South African cuisine reflects the diverse range of culinary traditions embodied by the various communities that inhabit the country. Among the indigenous peoples of South Africa, the Khoisan foraged over 300 species of edible food plants, such as the rooibos shrub legume, whose culinary value continues to exert a salient influence on South African cuisine. Subsequent encounters with Bantu pastoralists facilitated the emergence of cultivated crops and domestic cattle, which supplemented traditional Khoisan techniques of meat preservation. In addition, Bantu-speaking communities forged an extensive repertoire of culinary ingredients and dishes, many of which are still consumed today in traditional settlements and urban entrepôts alike.

History
The San peoples were hunter-gatherers, who mostly depended on foods like tortoises, crayfish, coconuts and squash. Agriculture was introduced to South Africa by the Bantu peoples, who were taught to grow vegetables such as maize, squash and sweet potatoes.

By the 17th century, Dutch and British foodways brought via European immigration resulted in further culinary diffusion. The Cape Malay community founded a distinctive diasporic cuisine, derived largely from South East Asian culinary traditions, while Afrikaner voortrekkers further inland adapted Dutch, Khoisan, Cape Malay and Bantu foodways to accommodate their peripatetic lifestyle. In addition, French Huguenot refugees, many of whom settled in Franschhoek, played an instrumental role in developing South Africa's viticultural industry.

During the period of British colonial rule, immigrants from Asia, many of whom arrived as indentured laborers in the 19th century, further enriched the culinary oeuvre of South Africa. In particular, Indian South Africans brought a wealth of spices, seasonings and dishes, historically associated with Kwa-Zulu Natal, although Indian cuisine is currently widely available across South Africa and consumed by all ethnic groups.

Disinvestments and sanctions imposed on South Africa during apartheid stifled the country's culinary output. At this time shebeens, situated in urban townships, became very popular and often served as non-formal community centers, especially for black South Africans who pursued their cultural and culinary traditions. Following the end of apartheid, South African cuisine witnessed a renaissance, with diverse culinary options available in most of the country's major cities catering to tourists, expatriates and local residents. In addition, South African ingredients and dishes have attained greater visibility worldwide, owing to the burgeoning South African diaspora.

Indigenous cookery
In the precolonial period, indigenous cuisine was characterised by the use of a very wide range of foods including fruits, nuts, bulbs, leaves and other products gathered from wild plants and by the hunting of wild game. The introduction of domestic cattle and grain crops by Bantu speakers who arrived in the southern regions from central Africa since 10,000 BC and the spread of cattle keeping to Khoisan groups enabled products and the availability of fresh meat on demand.

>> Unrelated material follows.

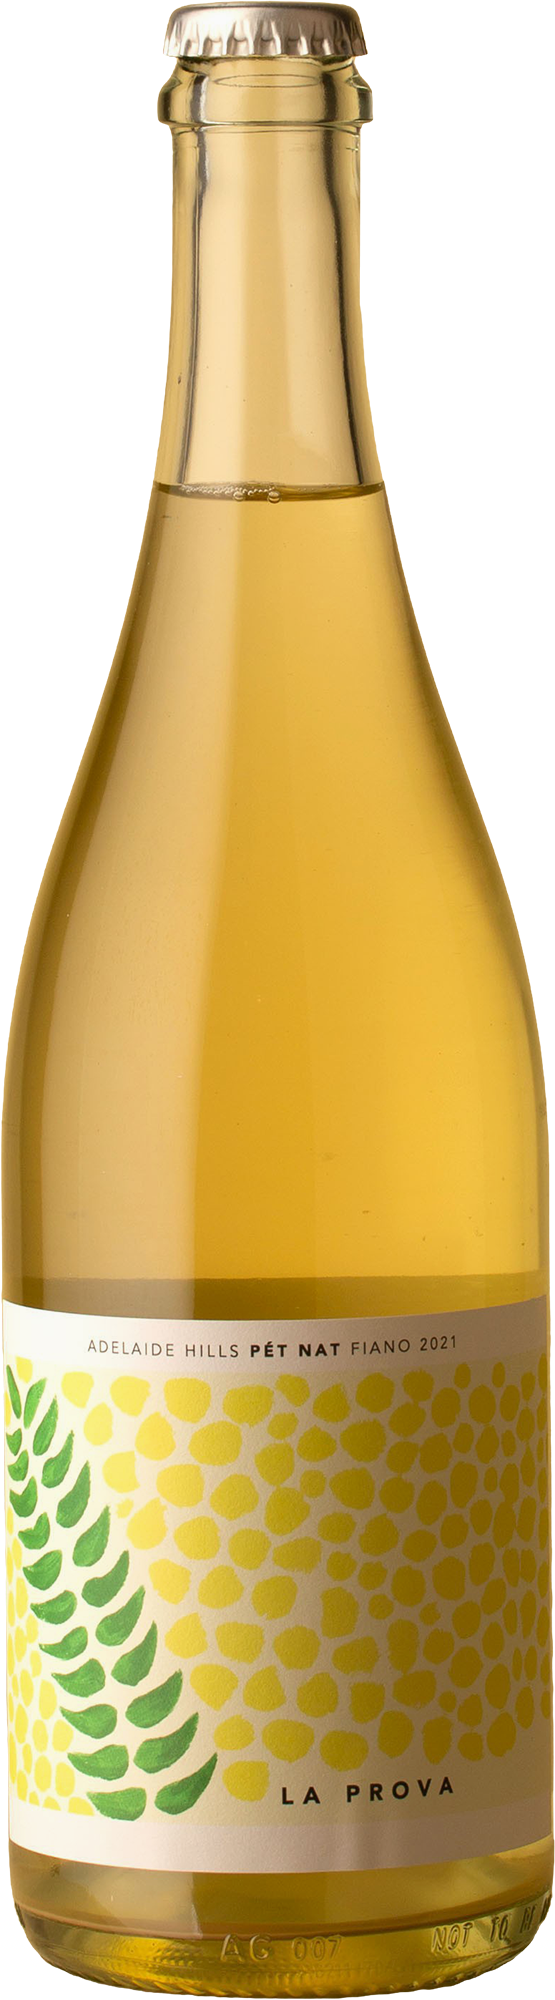 La Prova - Fiano Pet Nat 2021 Sparkling Wine

The pre-colonial diet consisted primarily of cooked grains, especially sorghum and millet, fermented milk (somewhat like yogurt) and roasted or stewed meat. At some point, maize replaced sorghum as the primary grain, and there is some dispute as to whether maize, a Central American crop, arrived with European settlers (notably the Portuguese) or spread through Africa before white settlements via Africans returning from the Americas during the era of the slave trade.

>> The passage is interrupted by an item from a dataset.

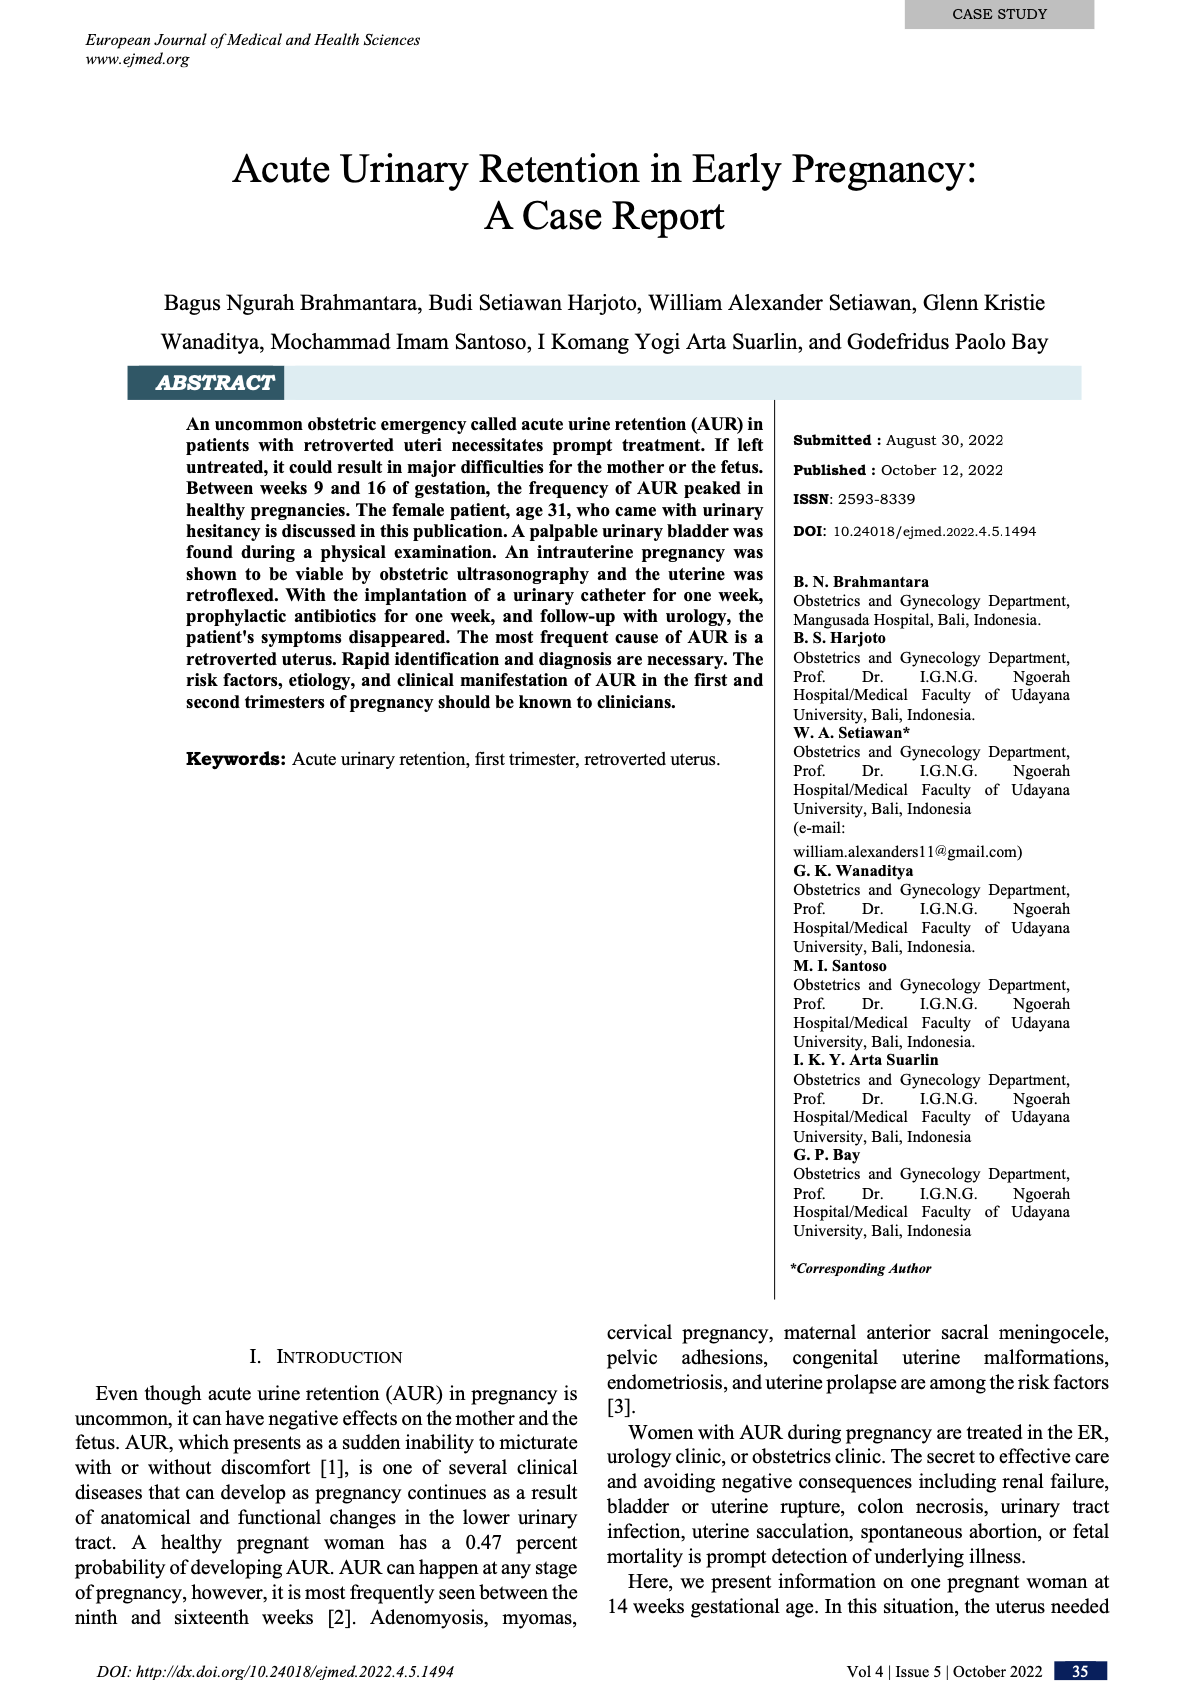 PDF) Urinary Retention in The Case of a Retroverted Uterus in

People also kept sheep and goats, and communities often organised vast hunts for the abundant game, but the beef was considered the absolutely most important and high-status meat. The ribs of any cattle that were slaughtered in many communities were so prized that they were offered to the chief of the village.

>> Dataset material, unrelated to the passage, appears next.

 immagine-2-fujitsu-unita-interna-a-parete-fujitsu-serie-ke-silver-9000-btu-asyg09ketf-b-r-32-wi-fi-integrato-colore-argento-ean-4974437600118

In many ways, the daily food of South African families can be traced to the indigenous foods that their ancestors ate. A typical meal in a Bantu-speaking, South African household is a stiff, fluffy porridge of maize meal (called pap, and very similar to American grits) with a flavorful stewed meat gravy. Traditional rural families (and many urban ones) often ferment their pap for a few days—especially if it is sorghum instead of maize—which gives it a tangy flavour. The Sotho-Tswana call this fermented pap, ting.

Vegetables used are often some sort of pumpkin, varieties of which are indigenous to South Africa, although now many people eat pumpkins that originated in other countries. Rice and beans are also very popular although they are not indigenous. Another common vegetable dish, which arrived in South Africa with its many Irish immigrants, but which has been adopted by South Africans, is shredded cabbage and white potatoes cooked with butter.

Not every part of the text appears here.